Route 75, also known as Veterans Memorial Highway, is a two-lane expressway on the Avalon Peninsula of Newfoundland. The route begins at a trumpet interchange with Route 1 and continues north, bypassing communities along the western shore of Conception Bay until it ends at a junction with Route 70 south of Carbonear.
Construction of the highway was completed in 2002.
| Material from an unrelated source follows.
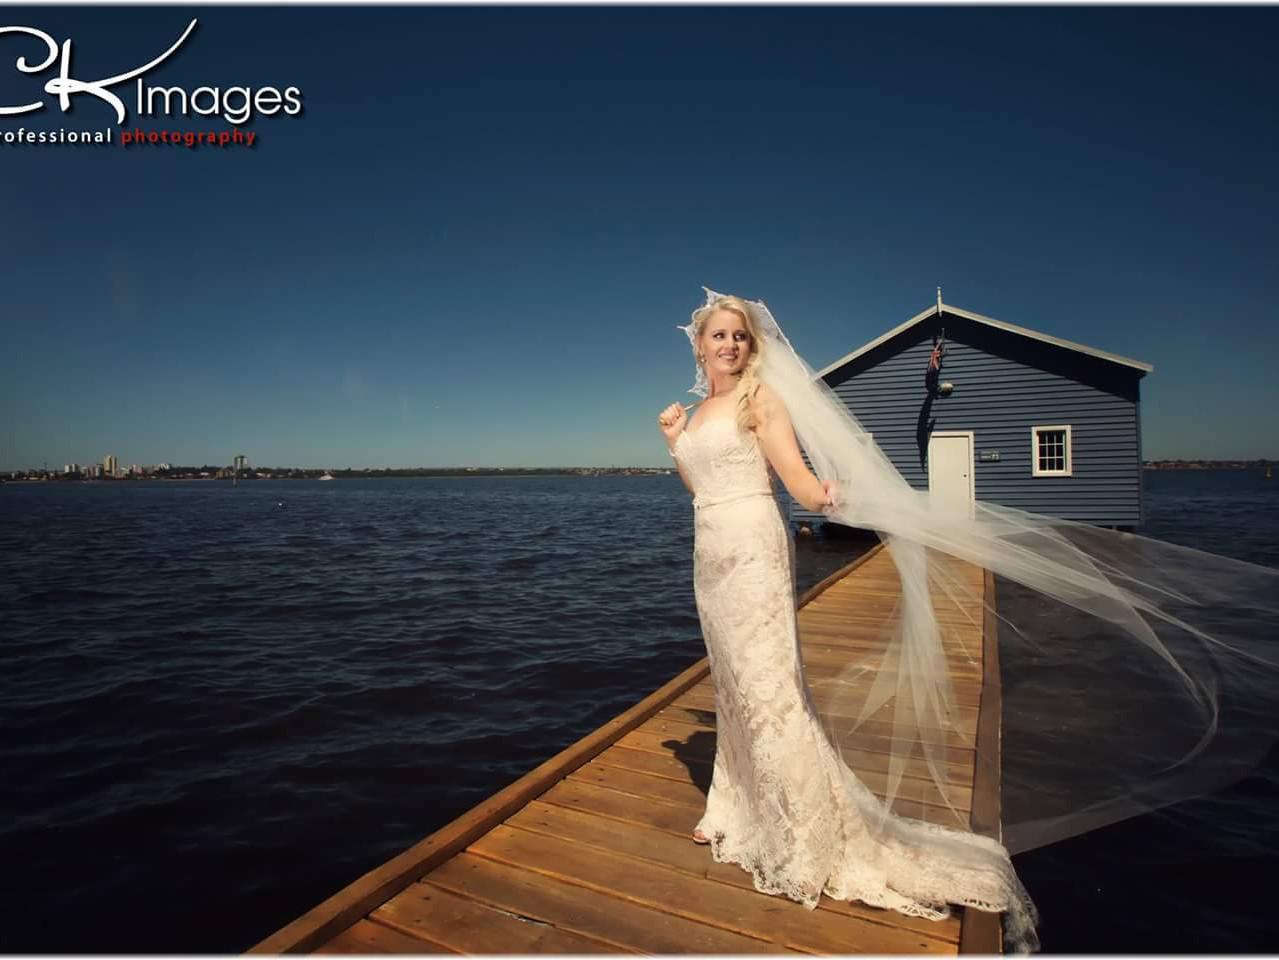 Artistic Bridal photo

The entire route of Route 75 is a two-lane Freeway, with interchanges at all but the northernmost intersections, with those still having controlled access.

Route description

Route 75 begins at an interchange with Route 1 (Trans Canada Highway, Exit 31) in Roaches Line. It heads north to have an interchange with the southern end of Route 70 (Roaches Line) before leaving the community of Roaches Line and passing northwest through rural wooded areas. The highway has an interchange with Route 71 (Hodgewater Line) in Makinsons before passing through North River, where it has a partial interchange with North River Road. Route 75 now heads north through western portion of Bay Roberts, where it passes by a Rest Area/Visitor information center and has an interchange with Country Road. It then passes through the west sides of Spaniard's Bay, where it has a partial interchange with New Harbour Road, and Tilton, where it has its last full interchange with Route 73 (Back Track Road). The highway now turns northeast to enter Harbour Grace, where it comes closer to the coast as it has a controlled access at-grade intersection with Brynes Road. Route 75 comes to an end at the northern end of town at an at-grade intersection with Route 70 (Cathedral Street/Columbus Drive), with the road continuing north into Carbonear as Route 70.